Discontinued in the 1970s.

  • Introduced in 1922.
  • Mahogany body.
  • No body binding.
  • 12 fret rosewood fingerboard with bar frets.
  • C.F.Martin & Co. on back of headstock.
  • Small dot inlays.
  • Rosewood friction pegs.
  • 1927: Ebony nut and nickel plated pegs
  • 1932: Decal logo on front of headstock
  • 1934: T frets
  • 1970s: discontinued.
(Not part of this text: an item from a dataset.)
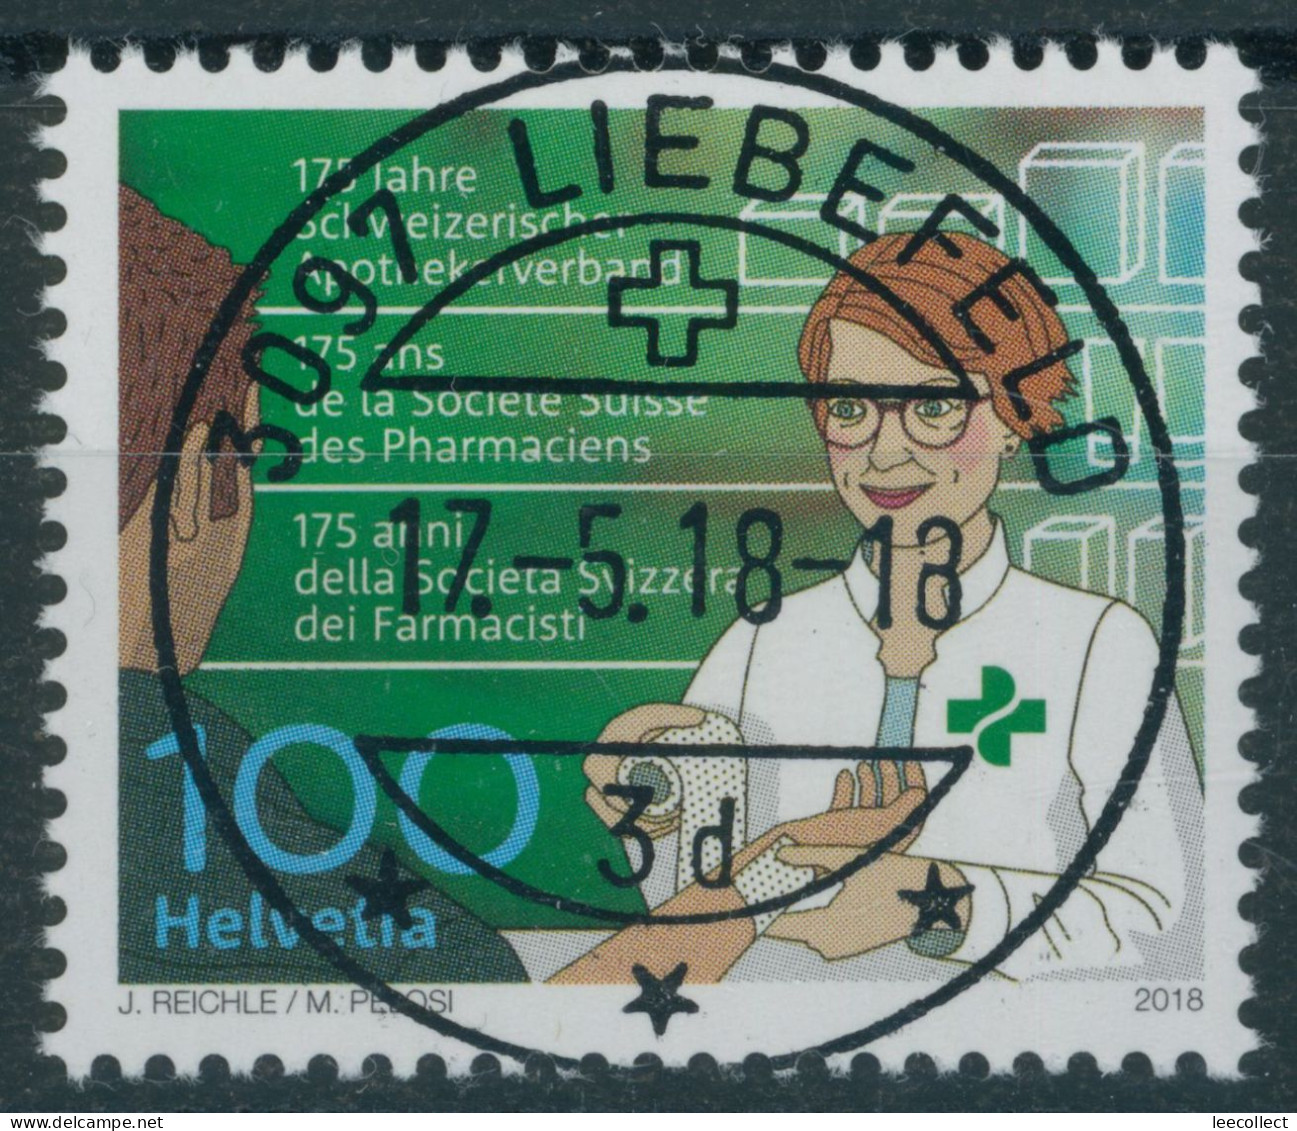 Suisse - 2018 - Apothekerverband - Ersttag Voll Stempel ET - Used Stamps

Recently the S-O (made in Mexico) has been introduced.

Martin Style 1 Uke specs:
Introduced in 1918, the first Martin uke model made.
Discontinued in 1965.

  • Introduced in 1918,
  • First 200 or so ukes serial numbered, thereafter without.
  • Mahogany body.
  • Rosewood outer body binding with inner black/white.
  • 12 fret rosewood fingerboard with bar frets.
  • Earliest examples with boxwood bridge saddle and nut.
  • C.F.Martin & Co. on back of headstock.
  • Small dot inlays.
  • Rosewood friction pegs.
  • 1920: Koa wood 1K available
  • 1927: Patent pegs
  • 1932: Decal logo on front of headstock
  • 1934: T frets, dark plastic binding
  • 1942: Style 1K last listed
  • 1965: Style 1 last listed amd discontinued.

Martin Style 2 Uke specs:
Martin style 2 uke model made first in 1918, discontinued in 1965.

  • Introduced in 1918.
  • Mahogany body.
  • Triple bound top binding with ivorioid outer binding.
  • Single bound back.
  • 12 fret rosewood fingerboard with bar frets.
  • C.F.Martin & Co. on back of headstock.
  • Small dot inlays.
  • 1920: Koa wood 2K available
  • 1923: Nickel patent pegs
  • 1932: Decal logo on front of headstock
  • 1933: Style 2K last listed
  • 1934: T frets
  • 1965: Style 2 last listed

Martin Style 3 and Style 3k Uke specs:
Martin style 3 uke model made first in 1918, discontinued in the 1970s.

  • Introduced in 1918.
  • Mahogany body.
  • 7 layer top binding.
  • 3 layer back binding.
  • 5 layer soundhole ring.
  • Celluloid ornament on top, behind bridge (known as the "parend").
  • 17 fret ebony fingerboard extents to the soundhole.
  • Bar frets.
  • Small pearl paired-diamond inlays at fret 5, 7, 9.
  • 3 lines inlaid down center of fingerboard.
  • Nut of 3 ply plastic.
  • C.F.Martin & Co. on back of headstock.
  • Kite-shaped celluloid peghead ornament.
  • Friction pegs.
  • 1920: Koa wood 3K available
  • 1923: No peghead ornament, nickel plated pegs:
  • 1930: One piece ivory nut
  • 1932: Decal logo on front of headstock
  • 1934: T frets
  • 1940: No celluloid top ornament (parend)
  • 1940: Dot inlays replace pearl diamond inlays and inlaid lines
  • 1941: last Style 3K

Martin Style 5 and Style 5k Uke specs:
Though discontined in 1942, the Style 5 has been reintroduced recently.

  • Introduced in 1922.
  • Koa body.
  • Ivoroid bound top and back with abalone trim.
  • Abalone pearl and black/white wood around soundhole.
  • Ivoroid bound ebony fingerboard.
  • 17 fret ebony fingerboard extents to the soundhole.
  • Bar frets.
  • Varied snowflake pearl inlays.
  • Koa peghead veneer with pearl-inlaid flowerpot.
  • Patent pegs.
  • 1934: T frets
  • 1940: Style 5 mahogony body (same trim as 5K) introduced.
  • 1940: Style 5K discontinued
  • 1942: Style 5 mahogony body discontinued.
  • Note: It has been alleged that Martin used Abalone additionally on the SIDES of style 5k ukes during 1926 and 1927. No such uke has yet been seen.